Désolé de t'avoir fait un faux espoir.

Je repars ->[]

----------

## GaMeS

 *SnowBear wrote:*   

> 
> 
> j'ai juste remarqué que tu avais mis 2 fois la variable "SYNC" dans ton make.conf.
> 
> 

 

Rah merci j'avais même pas fais gaffe :]

 *NetFab wrote:*   

> 
> 
> J'ai exactement les mêmes symptômes avec gnome-light 2.14.0 et xorg 7.0-r1, mais seulement 1 fois sur 2, au démarrage de gnome. 
> 
> 

 

Oui, j'ai également gnome-light mais moi ça ne plante pas au démarrage, c'est au cours de l'utilisation.

J'ai remarqué par contre qu'en supprimant le framebuffer dans le kernel (ouais bon ça fais crade en console mais bon ^^) ben ça plantais aussi mais le plantage commençais a partir de 5/10mn d'utilisation.

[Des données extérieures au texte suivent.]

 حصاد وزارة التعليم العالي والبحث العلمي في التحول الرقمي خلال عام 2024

J'ai lu pas mal de truc sur les forums, ce qui m'a fais peur c'est quand un mec ça faisais 1 ans qu'il essayais de trouvé la solution ... (pour pas trollé c'étais sur un forum Ubuntu...)

Si vous avez des suggestions, des idées ? je suis preneur

----------

## E11

Juste pour un peu éclaircir la situation...

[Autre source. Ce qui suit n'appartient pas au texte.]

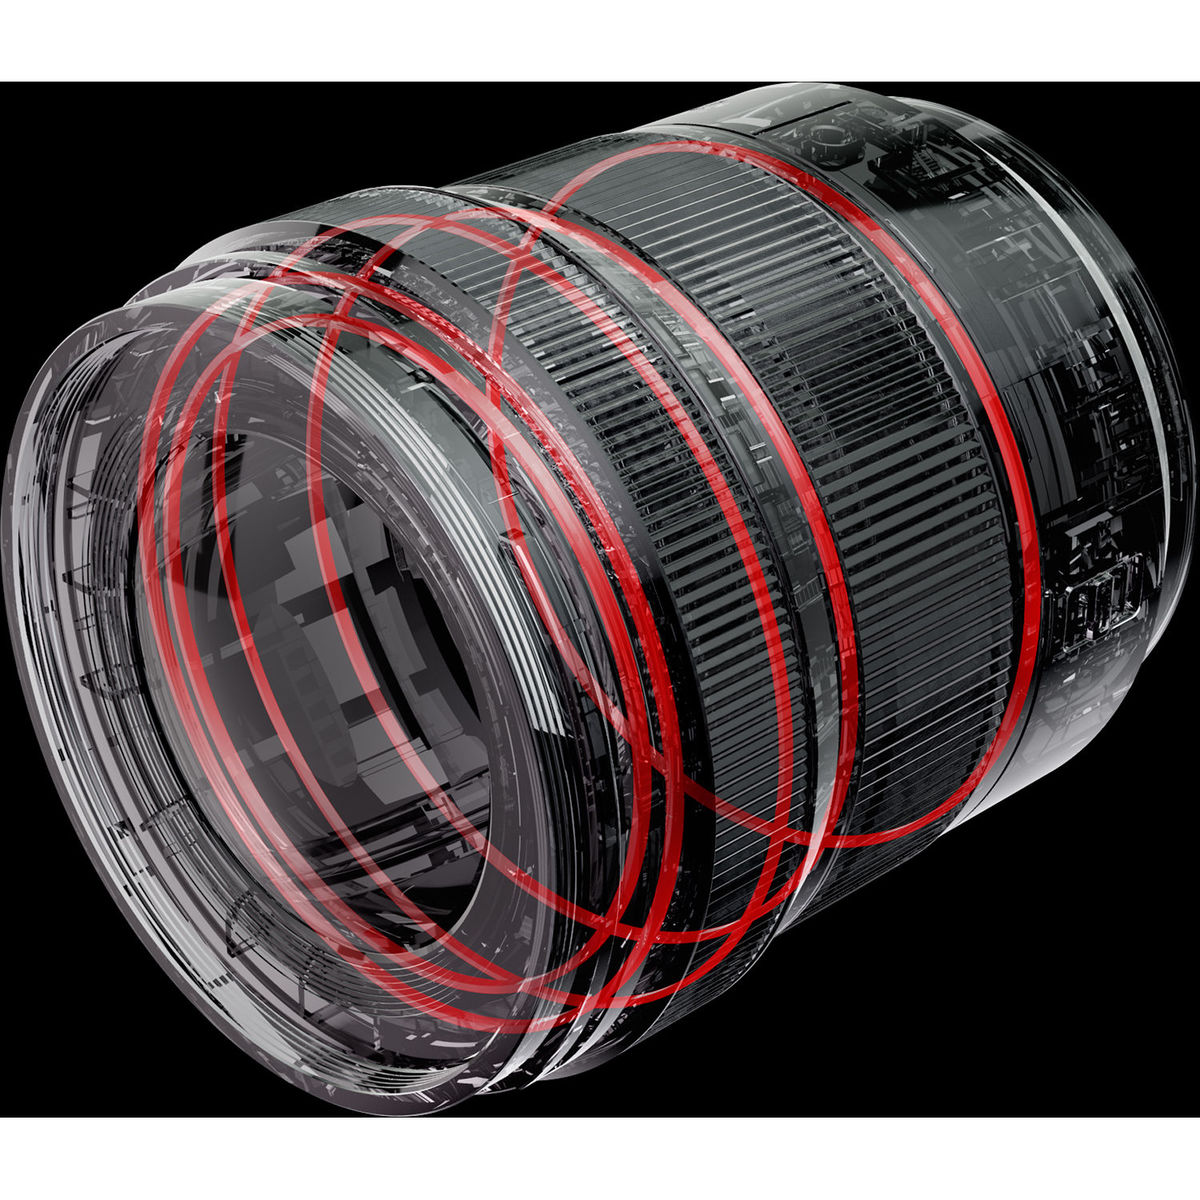 3. Panasonic Lumix S 20-60mm F3.5-5.6 (kit lens)

As-tu ce problème avec tout tes modes graphiques ou juste avec Gnome ? ( kde, xfce, e17,... ont-ils le même problème ? )

Sinon j'ai (à peu près) la même config que la tienne, et je n'ai jamais eu ce souci... DOnc ça doit être résolvable   :Rolling Eyes:   :Smile: 

----------

## dapsaille

Si c'est une 6600 agp ... et bien fait comme moi prend en une en pci express

 sur le forum nvnet ont est beaucoup à se plaindre de ce soucis ..

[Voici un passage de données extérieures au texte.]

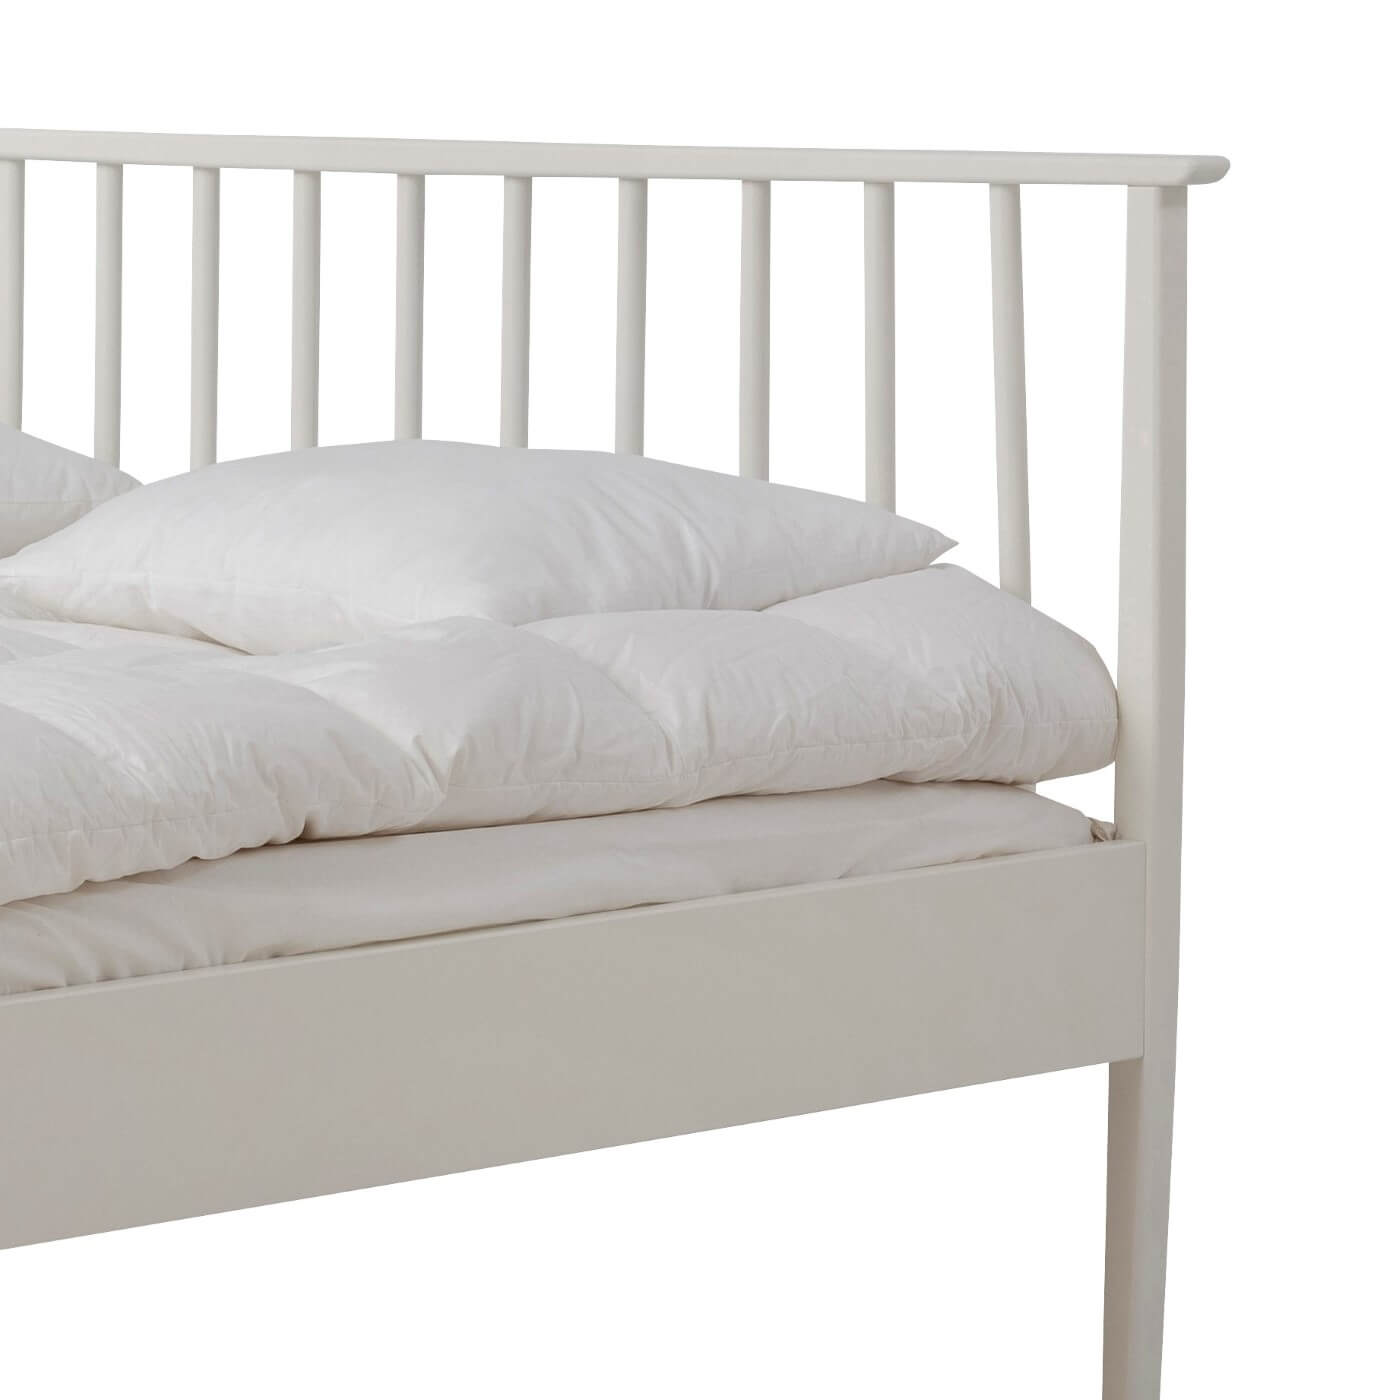 Białe łóżko drewniane nowoczesne NOEL. Widok pięknego ażurowego wysokiego zagłówka z drewna brzozy skandynawskiej lakierowanej na kolor biały mat. Skandynawski design

 et en cause est le pont pcie/agp car les 6600 sont toutes pcie 

 à toi de voir

----------

## GaMeS

 *E11 wrote:*   

> 
> 
> As-tu ce problème avec tout tes modes graphiques ou juste avec Gnome ? ( kde, xfce, e17,... ont-ils le même problème ? ) 
> 
> 

 

Justement je pense le faire en rentrant chez moi ce soir.J'y songeais :]

 *dapsaille wrote:*   

> Si c'est une 6600 agp ... et bien fait comme moi prend en une en pci express
> 
>  sur le forum nvnet ont est beaucoup à se plaindre de ce soucis ..
> 
>  et en cause est le pont pcie/agp car les 6600 sont toutes pcie 
> ...

 

humpf ? je suis déja en PCI-e, ça serai la gamme 6600 qui merderais ?

----------

## dapsaille

 *GaMeS wrote:*   

>  *E11 wrote:*   
> 
> As-tu ce problème avec tout tes modes graphiques ou juste avec Gnome ? ( kde, xfce, e17,... ont-ils le même problème ? ) 
> 
>  
> ...

 

Au dernières nouvelles les erreurs de type Xvid strange du genre seraient dues à des 6600 foireuses en effet ... maintenant je n'aime pas colporter de rumeurs infondées 

toujorurs est il qu'en changeant de carte (et agp vers pcie du coup) je n'ai plus aucuns problèmes ....

MAIS ce soucis n'est valable que sous linux sous win je n'avais quasimment aucuns plantages ...

----------

## E11

Bah, ma 6600GT agp fonctionne très bien   :Rolling Eyes:   :Laughing: 

Sinon, ça ne serait pas la première fois que je vois un tel problème... Un ami a eu (il y a un petit moment déjà) un problème du style avec une GeForce 3... (fin le problème était différent mais c'était aussi du à un problème matériel...)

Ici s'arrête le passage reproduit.